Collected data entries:
"""

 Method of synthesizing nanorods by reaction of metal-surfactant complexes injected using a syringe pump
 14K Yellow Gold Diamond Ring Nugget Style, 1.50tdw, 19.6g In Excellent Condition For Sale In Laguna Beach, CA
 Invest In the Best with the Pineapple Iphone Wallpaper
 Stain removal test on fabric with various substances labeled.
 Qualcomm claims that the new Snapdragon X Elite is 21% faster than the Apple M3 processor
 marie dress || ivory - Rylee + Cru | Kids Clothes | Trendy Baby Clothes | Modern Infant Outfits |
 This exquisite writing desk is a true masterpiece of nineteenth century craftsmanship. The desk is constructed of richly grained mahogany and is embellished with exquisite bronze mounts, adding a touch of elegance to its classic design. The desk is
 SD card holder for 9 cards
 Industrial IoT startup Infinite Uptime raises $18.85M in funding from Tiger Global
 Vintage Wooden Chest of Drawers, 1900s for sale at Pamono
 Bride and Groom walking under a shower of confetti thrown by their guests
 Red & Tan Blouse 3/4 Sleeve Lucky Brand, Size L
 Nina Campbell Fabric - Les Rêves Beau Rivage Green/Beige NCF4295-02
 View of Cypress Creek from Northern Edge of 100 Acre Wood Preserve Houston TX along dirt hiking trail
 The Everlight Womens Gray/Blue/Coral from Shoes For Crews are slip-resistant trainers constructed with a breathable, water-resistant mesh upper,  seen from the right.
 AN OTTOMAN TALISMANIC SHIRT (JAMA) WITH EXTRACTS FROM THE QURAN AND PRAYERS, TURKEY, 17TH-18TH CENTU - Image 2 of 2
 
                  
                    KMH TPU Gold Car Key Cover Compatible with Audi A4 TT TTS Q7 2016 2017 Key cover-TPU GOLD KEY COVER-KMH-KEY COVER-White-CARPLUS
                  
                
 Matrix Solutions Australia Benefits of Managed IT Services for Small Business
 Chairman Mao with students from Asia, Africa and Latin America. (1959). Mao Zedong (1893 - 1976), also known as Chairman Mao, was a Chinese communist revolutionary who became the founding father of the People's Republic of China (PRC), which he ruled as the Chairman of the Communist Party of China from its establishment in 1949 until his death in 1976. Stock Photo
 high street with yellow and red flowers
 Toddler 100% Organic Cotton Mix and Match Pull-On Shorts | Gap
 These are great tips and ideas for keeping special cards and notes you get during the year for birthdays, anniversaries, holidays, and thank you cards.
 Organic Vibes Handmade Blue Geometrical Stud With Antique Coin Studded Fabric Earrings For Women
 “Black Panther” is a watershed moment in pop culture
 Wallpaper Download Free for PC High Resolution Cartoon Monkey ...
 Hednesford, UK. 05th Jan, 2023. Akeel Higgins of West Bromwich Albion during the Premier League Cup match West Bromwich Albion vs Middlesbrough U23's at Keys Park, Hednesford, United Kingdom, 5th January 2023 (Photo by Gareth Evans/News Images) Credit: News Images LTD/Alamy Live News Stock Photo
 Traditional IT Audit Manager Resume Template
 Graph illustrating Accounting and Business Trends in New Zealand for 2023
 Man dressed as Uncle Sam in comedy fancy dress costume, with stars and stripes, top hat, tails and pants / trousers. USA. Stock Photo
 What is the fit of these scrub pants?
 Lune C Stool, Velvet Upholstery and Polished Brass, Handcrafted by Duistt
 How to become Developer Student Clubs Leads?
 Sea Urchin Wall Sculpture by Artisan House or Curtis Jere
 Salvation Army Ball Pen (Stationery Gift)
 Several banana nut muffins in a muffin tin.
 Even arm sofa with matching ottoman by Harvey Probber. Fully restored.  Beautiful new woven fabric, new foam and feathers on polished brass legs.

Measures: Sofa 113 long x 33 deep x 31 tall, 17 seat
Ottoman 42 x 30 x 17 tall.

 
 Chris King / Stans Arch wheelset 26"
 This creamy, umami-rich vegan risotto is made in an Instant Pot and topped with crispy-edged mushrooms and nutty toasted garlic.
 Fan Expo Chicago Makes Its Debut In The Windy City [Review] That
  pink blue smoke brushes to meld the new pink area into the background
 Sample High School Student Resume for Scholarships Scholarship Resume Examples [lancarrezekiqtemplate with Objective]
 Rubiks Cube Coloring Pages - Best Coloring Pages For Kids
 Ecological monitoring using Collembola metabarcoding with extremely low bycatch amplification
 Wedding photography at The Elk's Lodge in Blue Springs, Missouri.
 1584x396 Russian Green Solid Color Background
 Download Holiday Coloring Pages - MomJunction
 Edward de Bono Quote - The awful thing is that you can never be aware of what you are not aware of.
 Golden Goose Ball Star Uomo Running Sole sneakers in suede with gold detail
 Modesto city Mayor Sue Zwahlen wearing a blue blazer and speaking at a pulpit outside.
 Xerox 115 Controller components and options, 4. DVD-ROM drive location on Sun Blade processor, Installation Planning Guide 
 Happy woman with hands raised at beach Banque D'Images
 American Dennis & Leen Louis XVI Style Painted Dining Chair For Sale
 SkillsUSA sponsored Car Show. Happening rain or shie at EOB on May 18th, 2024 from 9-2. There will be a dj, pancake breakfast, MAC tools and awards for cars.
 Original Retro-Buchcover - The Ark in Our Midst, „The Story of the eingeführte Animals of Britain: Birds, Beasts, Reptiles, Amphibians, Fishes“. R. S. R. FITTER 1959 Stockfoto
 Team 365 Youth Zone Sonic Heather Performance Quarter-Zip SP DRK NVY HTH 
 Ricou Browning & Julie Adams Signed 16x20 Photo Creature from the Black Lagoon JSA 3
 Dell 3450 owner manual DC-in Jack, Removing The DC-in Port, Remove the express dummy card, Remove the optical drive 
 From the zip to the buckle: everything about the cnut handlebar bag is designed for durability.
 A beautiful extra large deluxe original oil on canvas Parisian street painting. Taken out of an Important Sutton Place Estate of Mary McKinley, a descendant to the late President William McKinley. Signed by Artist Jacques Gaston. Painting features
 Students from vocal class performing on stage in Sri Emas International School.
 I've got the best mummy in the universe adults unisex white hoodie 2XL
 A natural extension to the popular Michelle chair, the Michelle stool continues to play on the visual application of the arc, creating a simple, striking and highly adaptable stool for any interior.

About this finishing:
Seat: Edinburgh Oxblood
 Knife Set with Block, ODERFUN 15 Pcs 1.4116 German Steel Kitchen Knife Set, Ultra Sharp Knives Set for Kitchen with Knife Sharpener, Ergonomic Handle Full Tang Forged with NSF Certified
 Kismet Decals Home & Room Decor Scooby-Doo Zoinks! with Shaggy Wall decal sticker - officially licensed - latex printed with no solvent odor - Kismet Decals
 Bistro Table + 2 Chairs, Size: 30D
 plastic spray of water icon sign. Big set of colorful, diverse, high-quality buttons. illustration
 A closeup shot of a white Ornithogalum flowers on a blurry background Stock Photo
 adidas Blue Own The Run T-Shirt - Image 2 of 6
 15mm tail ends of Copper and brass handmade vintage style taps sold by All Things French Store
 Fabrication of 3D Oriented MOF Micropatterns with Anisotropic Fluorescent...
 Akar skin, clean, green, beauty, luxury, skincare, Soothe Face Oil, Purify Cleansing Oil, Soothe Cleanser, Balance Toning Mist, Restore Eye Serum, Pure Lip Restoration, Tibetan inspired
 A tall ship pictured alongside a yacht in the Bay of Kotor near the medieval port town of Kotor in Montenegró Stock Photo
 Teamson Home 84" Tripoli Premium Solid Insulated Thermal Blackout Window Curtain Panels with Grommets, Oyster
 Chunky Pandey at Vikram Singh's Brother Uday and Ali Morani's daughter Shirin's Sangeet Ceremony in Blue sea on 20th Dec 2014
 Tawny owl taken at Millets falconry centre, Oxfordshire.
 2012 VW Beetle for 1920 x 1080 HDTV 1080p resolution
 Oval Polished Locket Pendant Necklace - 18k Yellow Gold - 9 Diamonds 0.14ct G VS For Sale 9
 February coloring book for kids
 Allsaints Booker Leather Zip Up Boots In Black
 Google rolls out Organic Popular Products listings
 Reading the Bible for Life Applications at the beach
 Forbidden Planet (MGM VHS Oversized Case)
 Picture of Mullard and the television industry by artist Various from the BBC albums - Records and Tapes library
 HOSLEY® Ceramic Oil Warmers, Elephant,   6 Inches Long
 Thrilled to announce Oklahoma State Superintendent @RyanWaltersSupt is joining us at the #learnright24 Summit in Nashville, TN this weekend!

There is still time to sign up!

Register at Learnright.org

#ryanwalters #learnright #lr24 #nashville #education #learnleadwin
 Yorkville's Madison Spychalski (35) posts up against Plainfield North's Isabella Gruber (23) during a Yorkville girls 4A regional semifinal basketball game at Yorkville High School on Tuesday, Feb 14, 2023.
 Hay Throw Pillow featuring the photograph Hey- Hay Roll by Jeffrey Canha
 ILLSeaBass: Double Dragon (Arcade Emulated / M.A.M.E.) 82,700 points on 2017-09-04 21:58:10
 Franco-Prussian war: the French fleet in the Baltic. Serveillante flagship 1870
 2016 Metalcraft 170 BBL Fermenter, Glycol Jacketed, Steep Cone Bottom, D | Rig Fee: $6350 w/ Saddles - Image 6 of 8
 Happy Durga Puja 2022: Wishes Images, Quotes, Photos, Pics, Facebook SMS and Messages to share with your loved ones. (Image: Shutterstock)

"""

■ What the task requires ■
Please report every line of the records above that contains the word "pants".

■ Expected answer ■
 Man dressed as Uncle Sam in comedy fancy dress costume, with stars and stripes, top hat, tails and pants / trousers. USA. Stock Photo
 What is the fit of these scrub pants?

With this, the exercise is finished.